CVE-2025-3987 is a command injection vulnerability identified in the TOTOLINK N150RT router, specifically version 3.4.0-B20190525. The vulnerability arises from improper handling of the 'localPin' argument within the processing of the /boafrm/formWsc endpoint. An attacker can remotely manipulate this parameter to inject arbitrary commands into the underlying operating system shell. This type of vulnerability allows an attacker to execute system-level commands with the privileges of the affected service, potentially leading to full compromise of the device. The vulnerability does not require user interaction and can be exploited remotely over the network, although it requires low privileges (PR:L) on the device, indicating some form of limited authentication or access is necessary. The CVSS 4.0 base score is 5.3 (medium severity), reflecting moderate impact on confidentiality, integrity, and availability, with network attack vector and low attack complexity. The vulnerability has been publicly disclosed, but no known exploits are reported in the wild yet. The TOTOLINK N150RT is a consumer-grade router commonly used in small offices and homes, and the affected firmware version dates back to 2019, suggesting that many devices may remain unpatched. The command injection vulnerability could allow attackers to gain persistent access, manipulate network traffic, or pivot into internal networks if exploited successfully.

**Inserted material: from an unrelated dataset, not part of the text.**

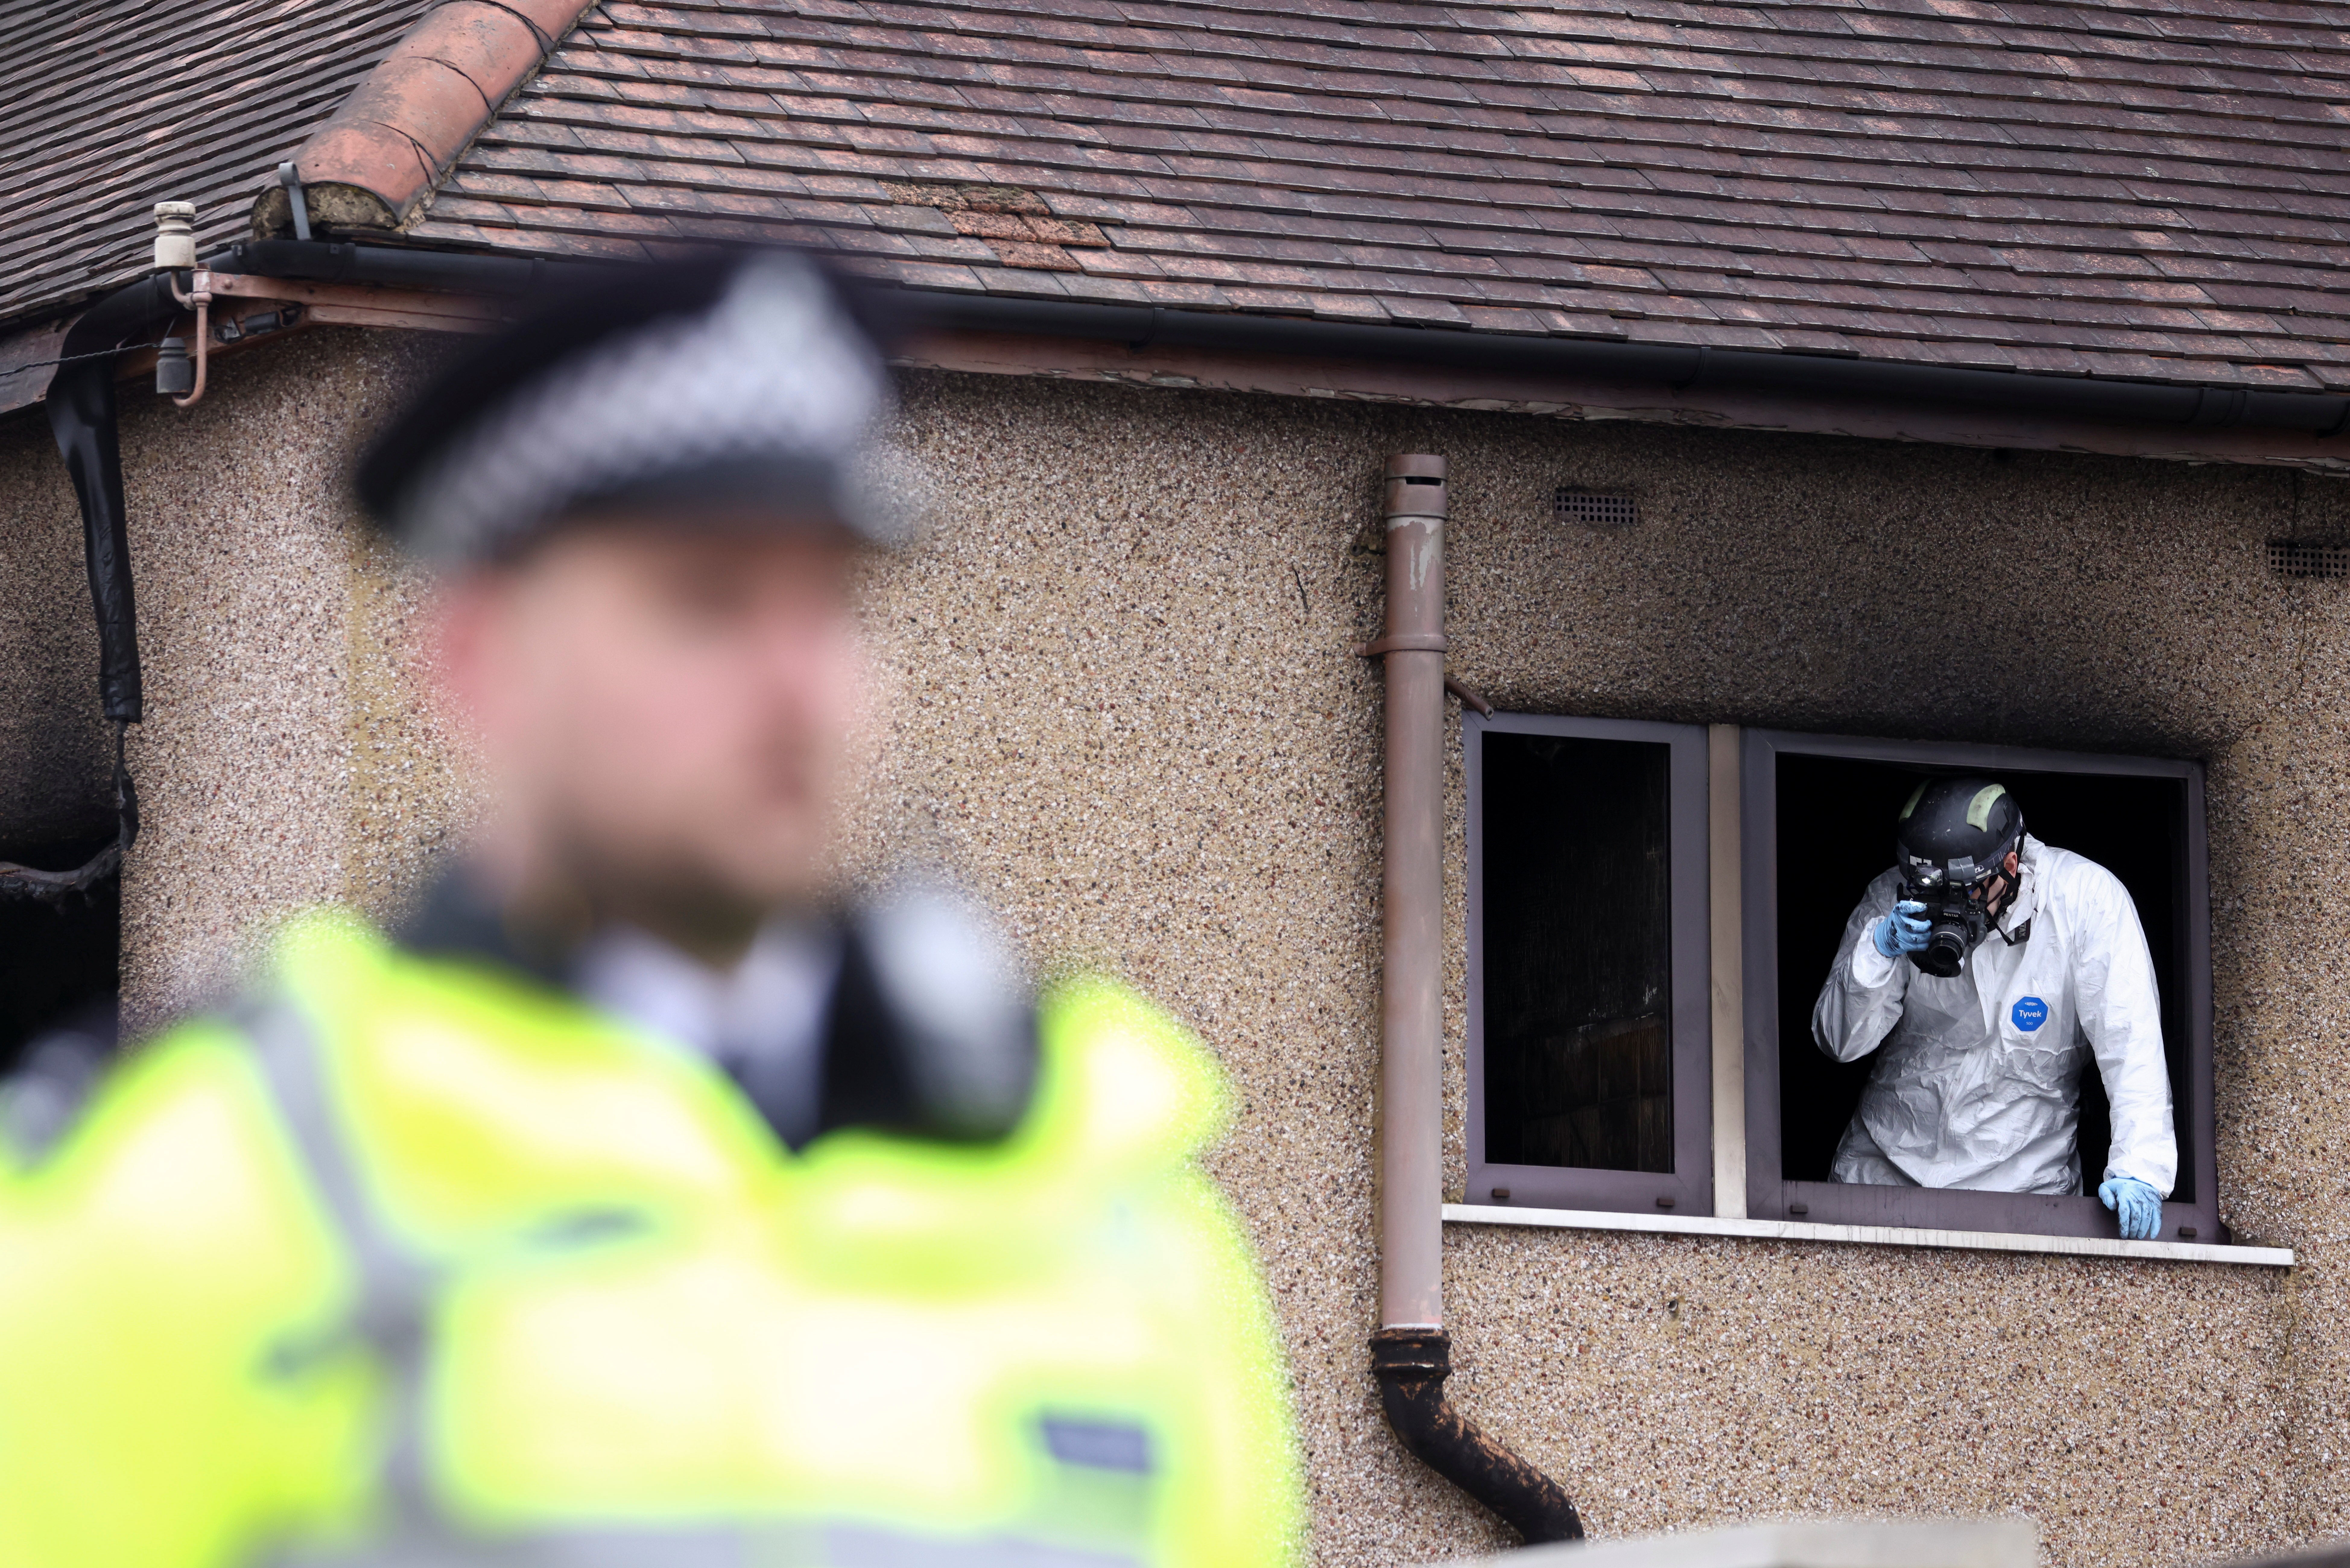 An investigator inspects the scene of a house fire in Bexleyheath

For European organizations, the exploitation of this vulnerability could have several consequences. Small and medium enterprises (SMEs) and home office environments using TOTOLINK N150RT routers may face unauthorized access to their network infrastructure. Attackers could leverage the command injection to install malware, intercept sensitive communications, or use the compromised device as a foothold for lateral movement within corporate networks. This is particularly concerning for organizations with remote or hybrid work setups relying on consumer-grade networking equipment. The integrity and availability of network services could be disrupted, leading to operational downtime or data breaches. While the vulnerability requires some level of authentication, the risk remains significant because many devices may still run outdated firmware without proper access controls. The public disclosure increases the likelihood of exploitation attempts, especially by opportunistic attackers targeting less secure environments. The impact on confidentiality is moderate due to potential data interception, while integrity and availability impacts could be more severe if attackers execute destructive commands or disrupt network connectivity.

1. Immediate firmware upgrade: Organizations and users should verify the firmware version of their TOTOLINK N150RT devices and upgrade to the latest available version from the vendor that addresses this vulnerability. If no patch is available, consider replacing the device with a more secure alternative. 2. Network segmentation: Isolate vulnerable routers from critical internal networks to limit potential lateral movement if compromised. 3. Access control hardening: Restrict management interface access to trusted IP addresses and enforce strong authentication mechanisms to reduce the risk of unauthorized exploitation. 4. Monitor network traffic: Deploy intrusion detection systems (IDS) or network monitoring tools to detect unusual command injection attempts or abnormal traffic patterns targeting the /boafrm/formWsc endpoint. 5. Disable WPS if not needed: Since the vulnerability is related to the WPS (Wi-Fi Protected Setup) functionality, disabling WPS can reduce the attack surface. 6. Vendor engagement: Encourage TOTOLINK to release a security patch promptly and communicate mitigation guidance to users. 7. Incident response readiness: Prepare to isolate and remediate compromised devices quickly to minimize impact.